§ Task goal: The lines below must be transcribed exactly as given, with the images removed.

§ Data below:
=-=-=

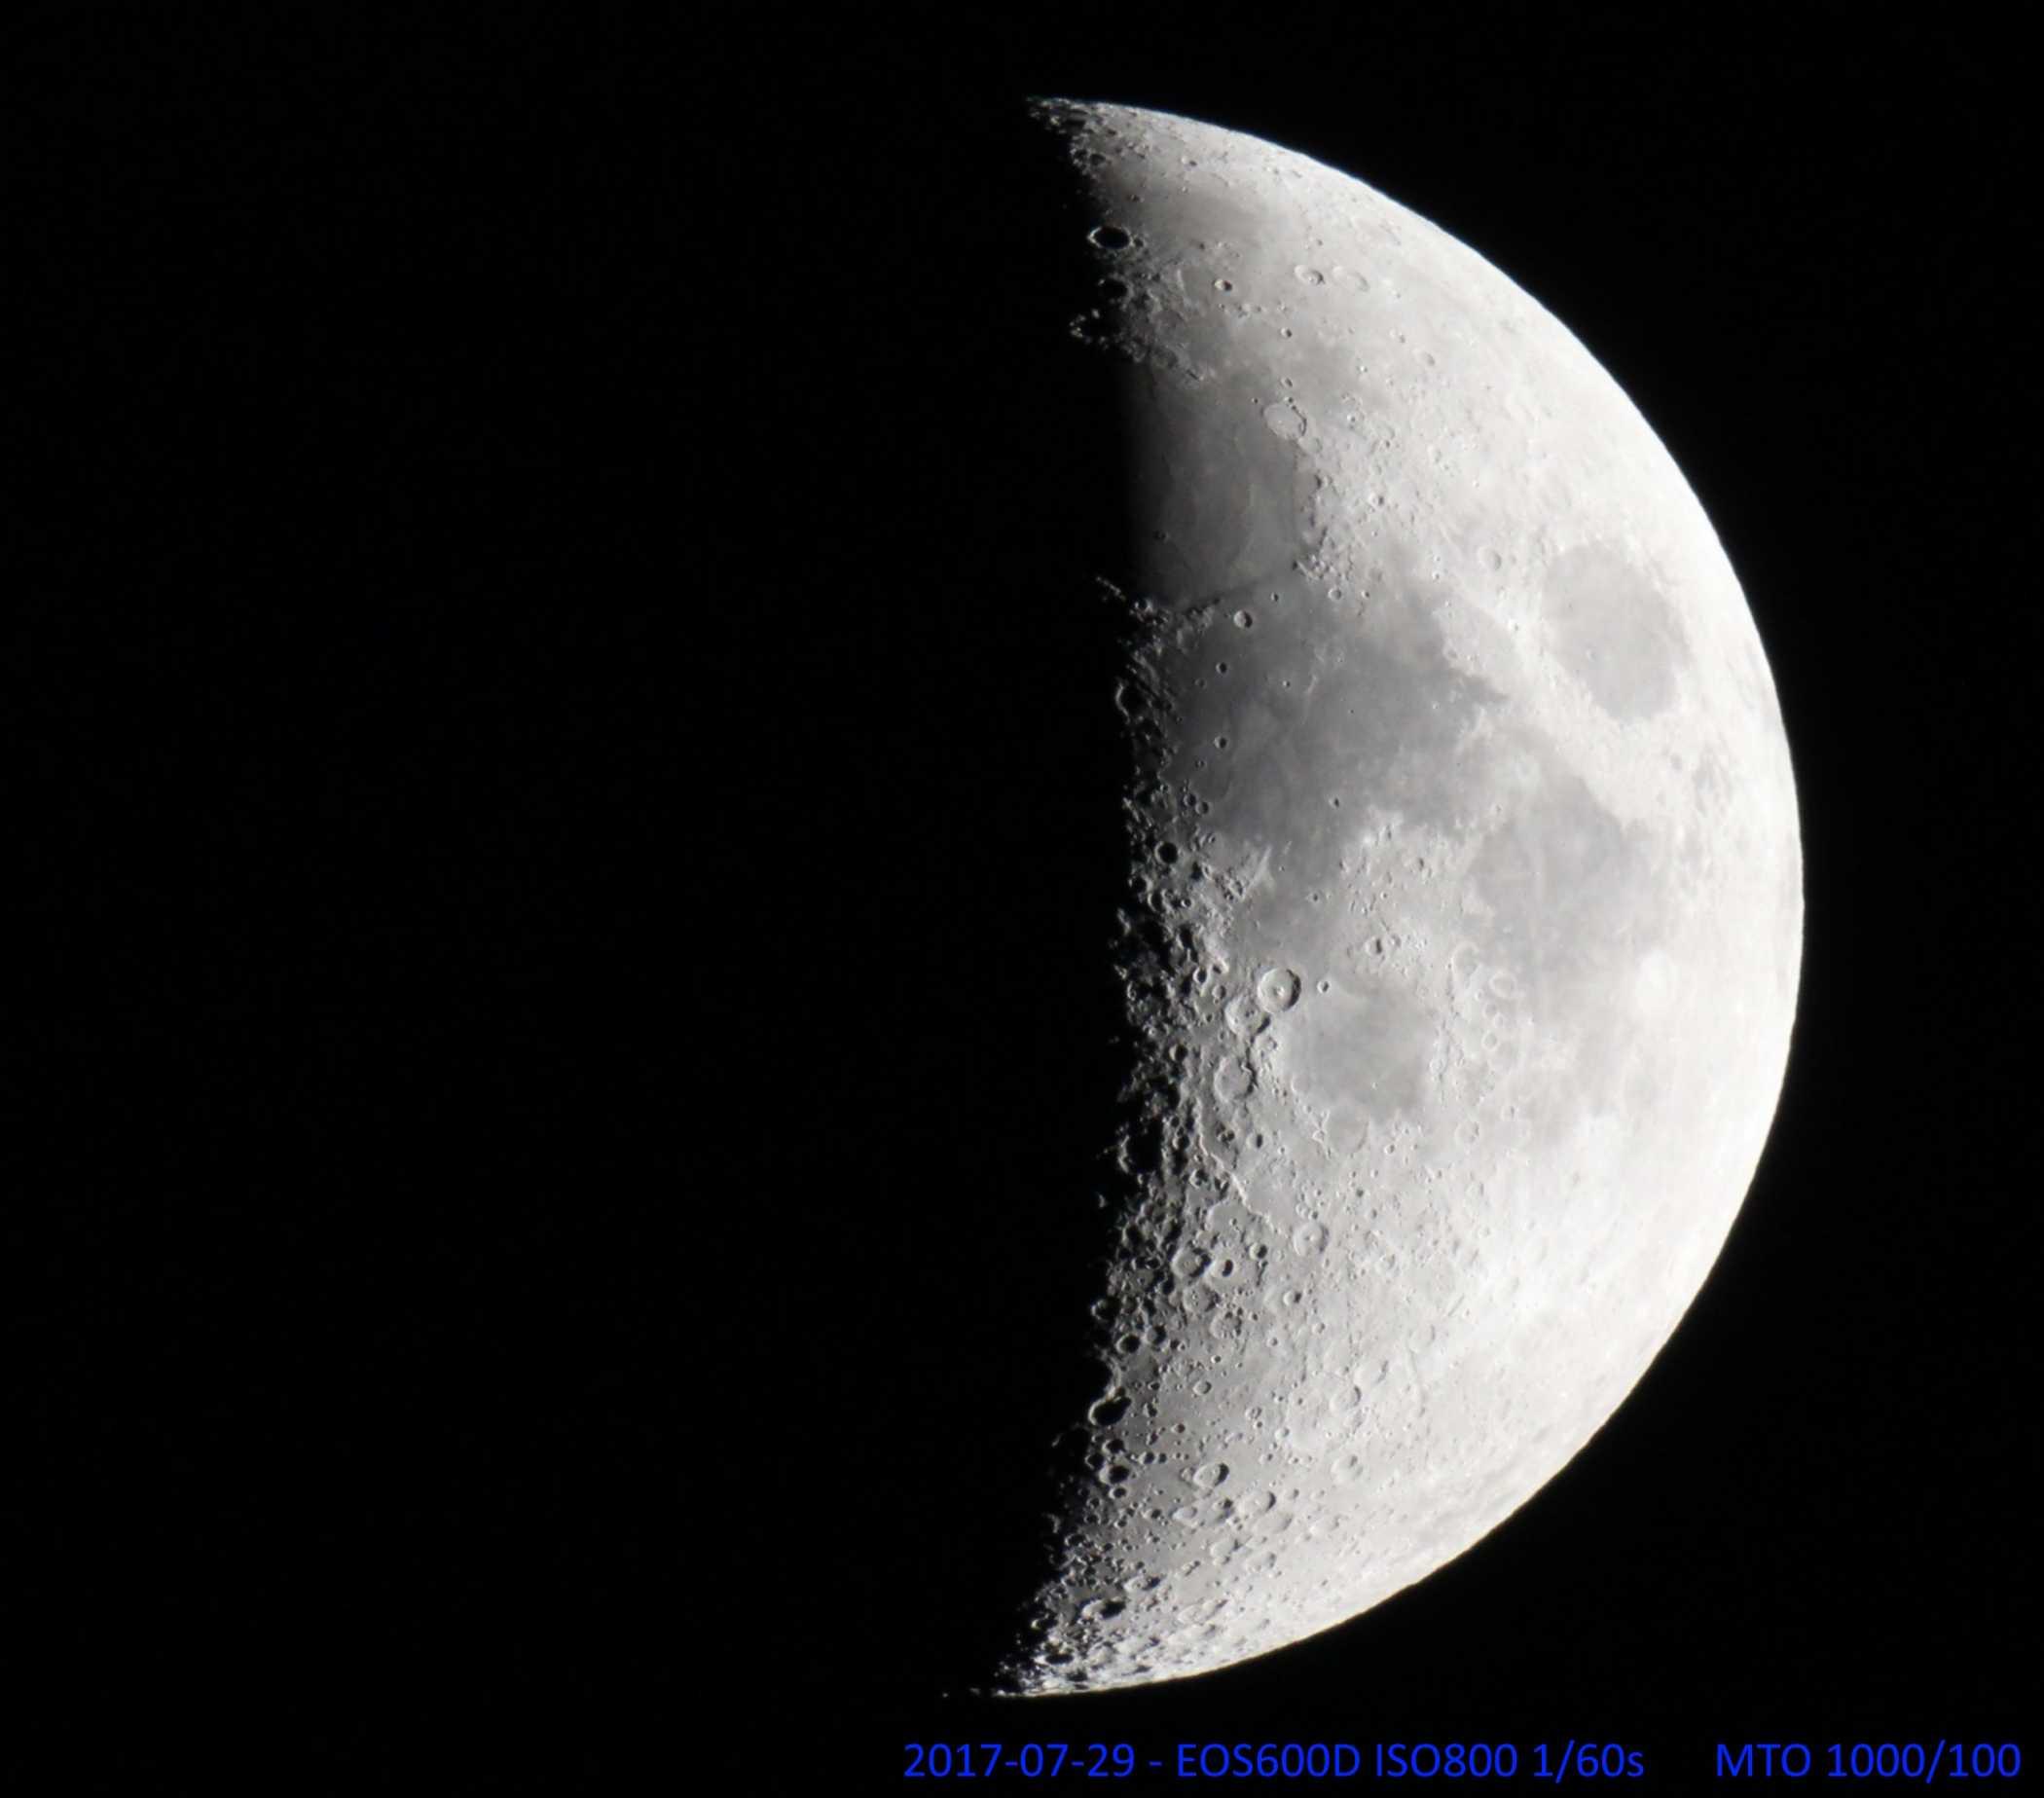 Mond_am_29.07.2017_EOS600D_ISO800_1/60s_1000mm_MTO_F/10.jpg
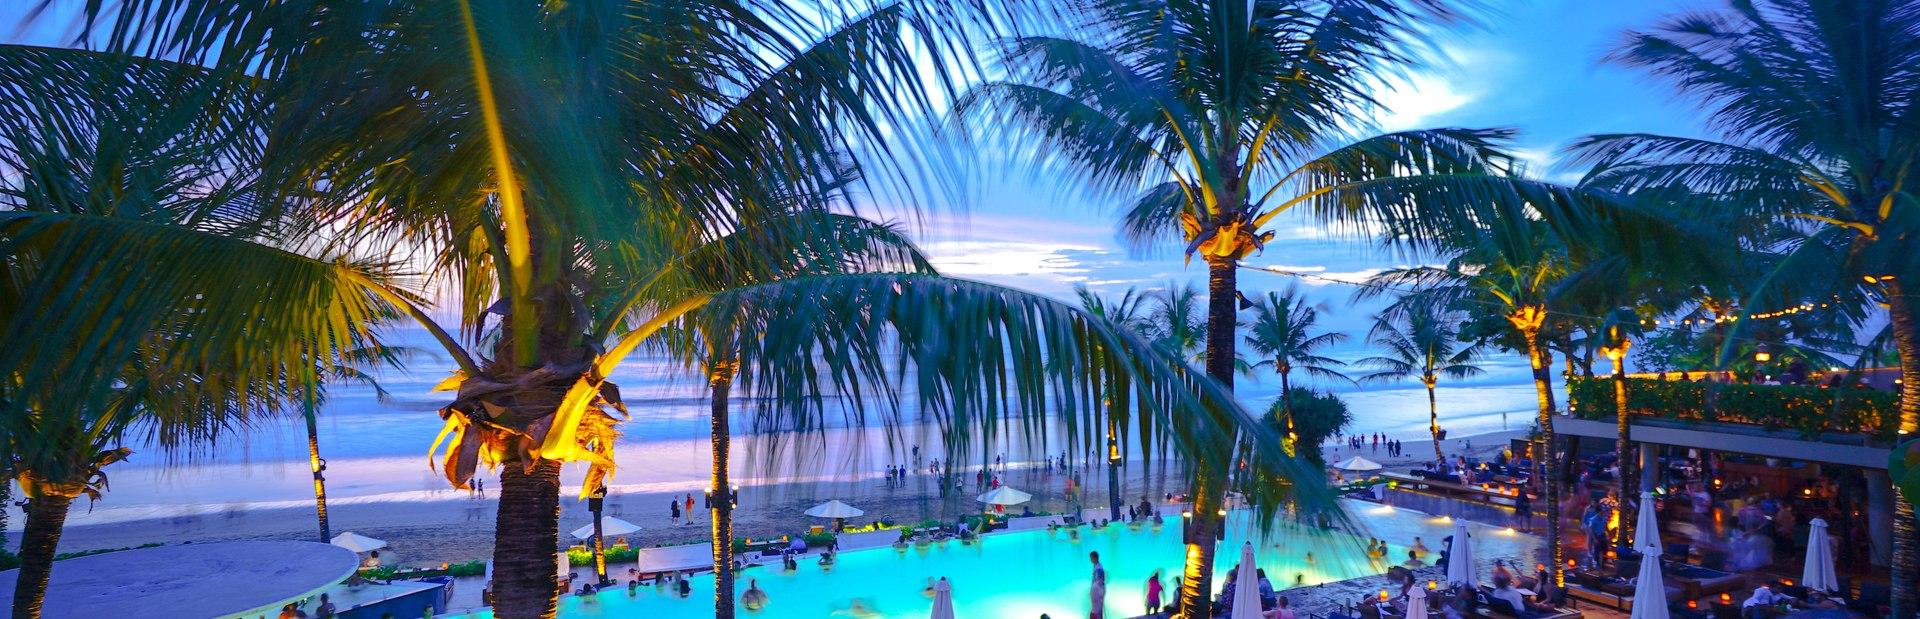 9 of the best Mediterranean beach clubs to visit by superyacht
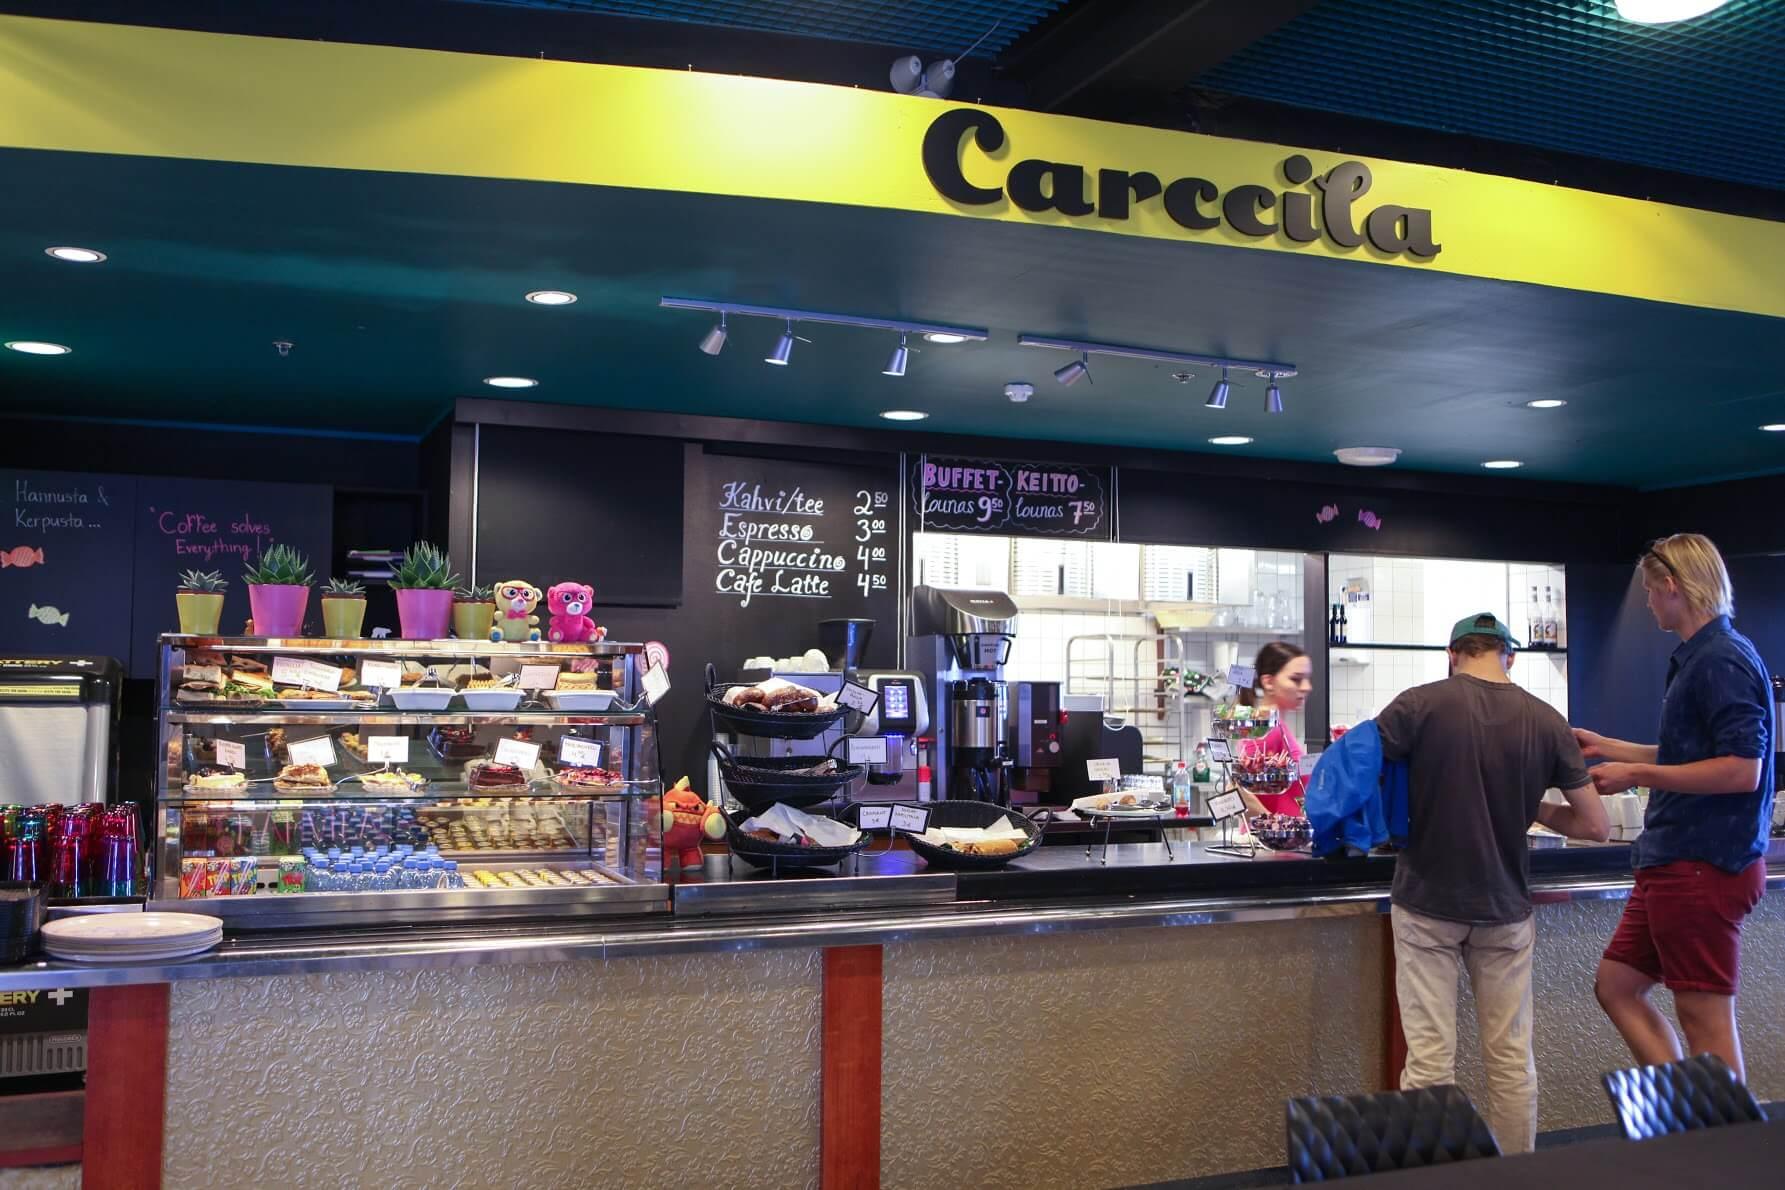 Carccila Cafe

=-=-=

§ Response to the task:
 Mond_am_29.07.2017_EOS600D_ISO800_1/60s_1000mm_MTO_F/10.jpg
 9 of the best Mediterranean beach clubs to visit by superyacht
 Carccila Cafe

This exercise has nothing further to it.